私達も、昨年(2018年)の台風被災では、僅かな条件不一致により、涙をのんだ。大げさに表現するなら生死に関わるような場面でも、書類に記された事項が最優先され、そこには現場の状況をくむという臨機応変さはない。逆に言えば、それでなければ公的機関の公平性は保たれないのかもしれない。しかし喉から手が出るほど復旧資金が必要な被災当事者にしてみれば、僅かな解釈や状況の違いにより融資を受けられないのはなかなか納得できることではない。

しかし捨てる神あれば拾う神ありで、私達の場合、最終的には融資を受けることができた。それが命綱になったことは言うまでもない。感謝である。(我が志を受け取ってくださり、本当にありがとうございました。)

人は、人に助けられる。そしてやはり復旧資金が必要になる。

私は、基本的に「人間万事塞翁が馬」であり、何が良くて何が悪いなんか分からないから、とても明るく過ごした。そして復旧に向けて新しく創造する過程を心より楽しんだ。

肉体的にも精神的にも人生でもっともつらい日々のひとつだったかもしれないが、日々全力を尽くし家族で力を合わせて乗り切った日々は、私個人としては生涯忘れることはないだろう良き思い出になっている。

若い頃は、台風が来れば妙にワクワクしてバイクで台風の中を走った。地震も全く怖くなかった。しかし神戸大震災で生まれて初めて大きな地震を体験して地震の怖さを知り、昨年小屋を丸ごと吹き飛ばされて、台風は命に関わることだと知った。それからというもの台風の時は外に出るのに恐怖を覚えるようになった。
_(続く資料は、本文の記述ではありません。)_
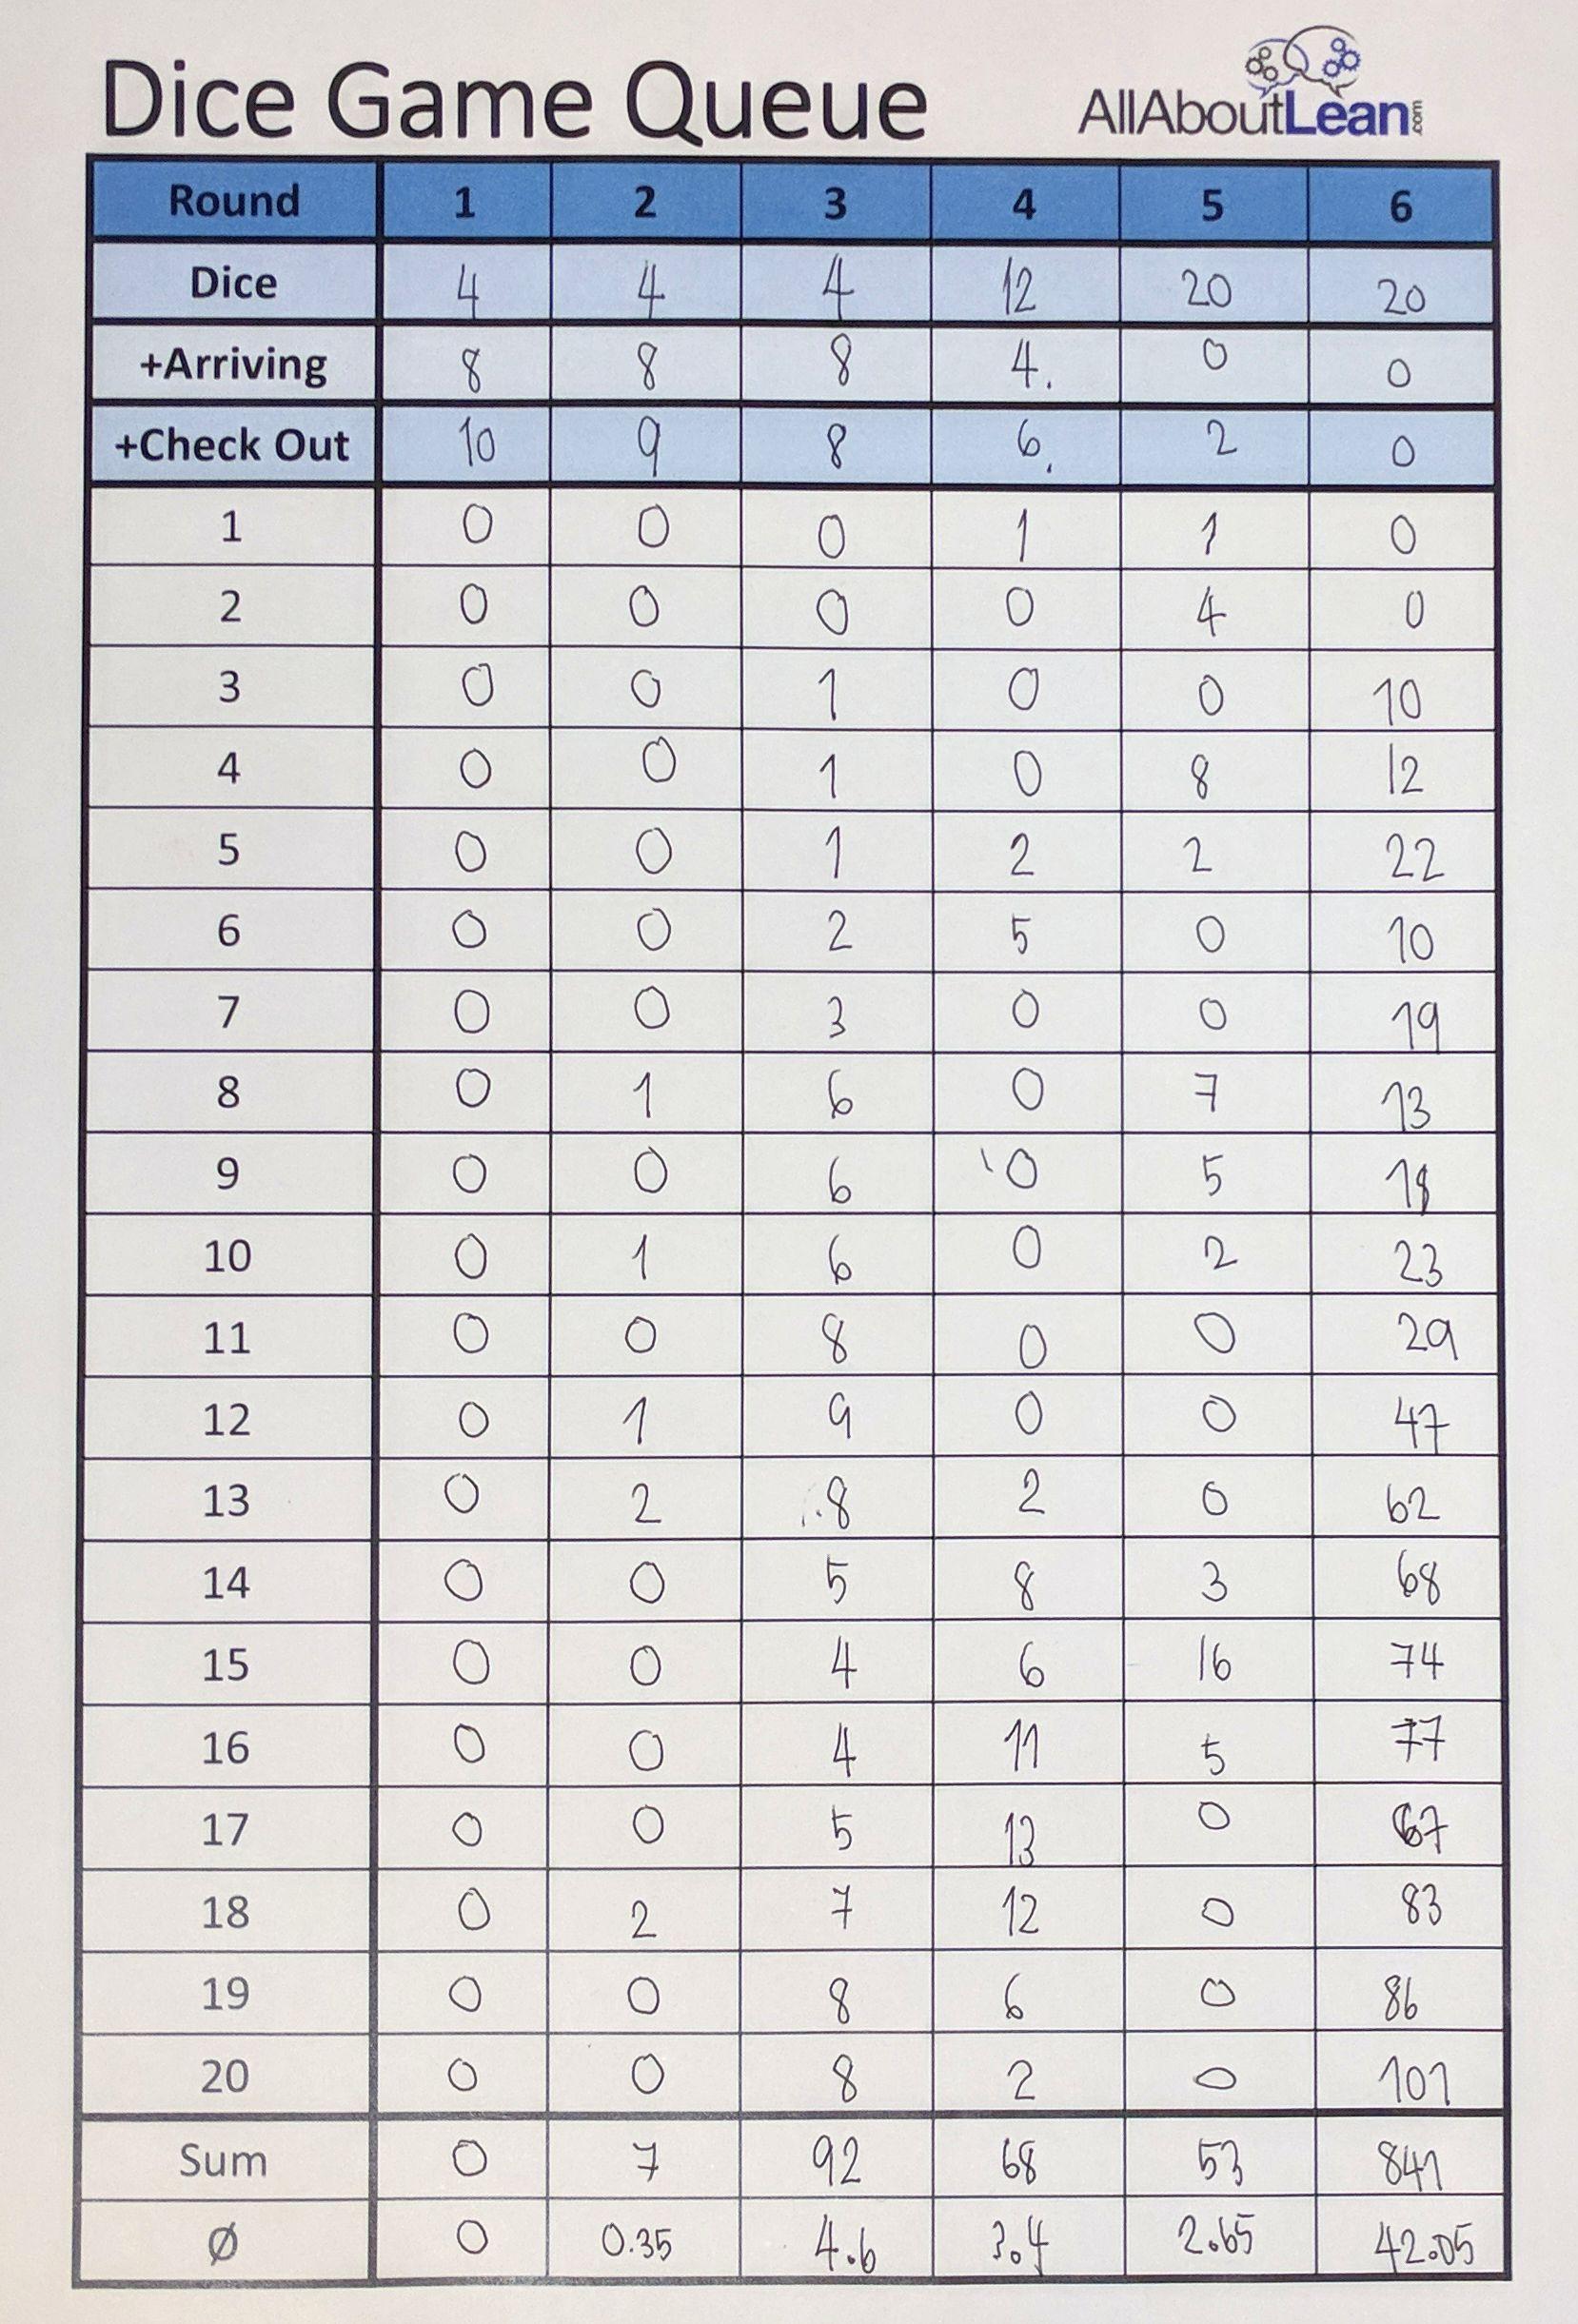 Dice Game Sample Data Sheet | Allaboutlean And Sample Spreadsheet Data

物がどれだけ壊れても、皆の命が無事だった。だから幸せだった。

被災者には、特に経済的基盤が弱い被災者には、十分な支援策が必要だ。

そして何より優先されるべきは、やはり命である。経済的効率よりも命である。それは社会というだけではなく、小さな家庭でも顧みるべき問題である。

ほんの一例であるが、例えば、農家は、台風や大雨や大雪では、作物やハウスや用水路などが気になって、ついつい様子を見に行きたくなる。でも時には外に出ず待つ勇気も必要なのだ。

最後になったが、被災者に、そしてあらゆるすべてのものに祈りを捧げて本稿を閉じたい。